More than 1,200 fans were denied entry to Madrid’s 16,000-capacity WiZink Center last year, having purchased false or duplicated tickets from unofficial platforms.

According to a report by the venue, there has been an “alarming increase in ticket fraud” in recent months, as fraudsters “capitalise on high demand and sophisticated technology to deceive fans who want to buy tickets at any price.”

In all cases, tickets had been purchased from secondary ticketing sites or through resale between individuals, either online or via street touts.

As reported in the International Ticketing Yearbook 2019, secondary ticketing has long been a controversial issue in Spain and has been raised at government level.
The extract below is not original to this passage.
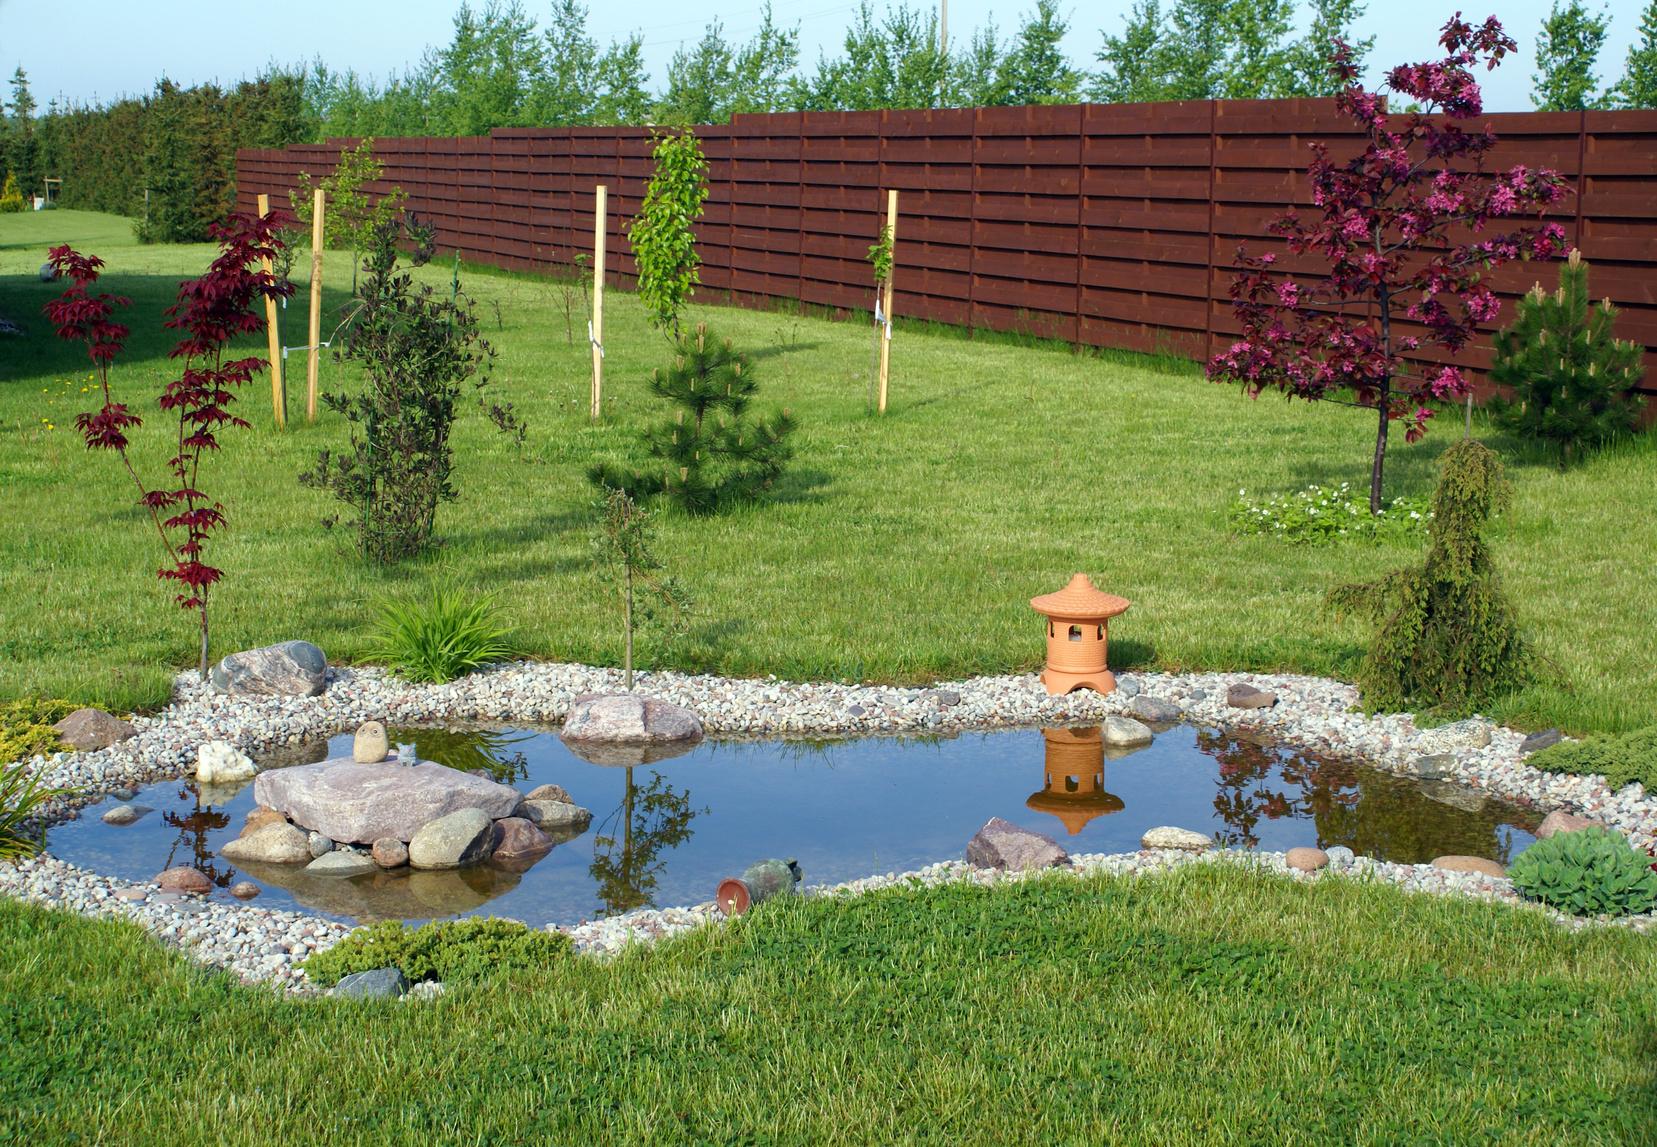 Construire Un Bassin De Jardin En 7 Étapes - Le Tuto De Mon ... avec Bac Poisson Jardin

However, according to promoters’ association APM, concrete action is yet to be taken.

In May last year, Anatic, the association for secondary ticketing in Spain, warned against the fraudulent behaviour of many resellers and called for regulation and professionalisation of the sector.

To avoid more fans falling foul of fraudsters, the arena – the biggest in Spain – has launched an awareness campaign, disseminating advice to fans through banners on its website and other digital platforms.

“This is a problem that affects us directly, given that we are the ones who end up denying entry”

“This is a problem that affects us directly,” says Almudena Requena, director of ticketing at the WiZink Center, “given that we are the ones who end up denying entry to people with these kinds of tickets. This places a responsibility on us that we are not accountable for.”

Eugeni Calsamiglia, general director of Ticketmaster Spain, says that although it has always been advisable to buy ticket through official channels, it is now “essential”.

“Current access control systems detect 100% of false or duplicated tickets,” explains Calsamiglia, “so the risk of not being able to enter a concert with a ticket bought on an unofficial channel is high.”

The arena reminds fans that, unlike tickets bought through unauthorised channels, tickets purchased from its online box office or through other official sellers also protect against cancellations and date changes.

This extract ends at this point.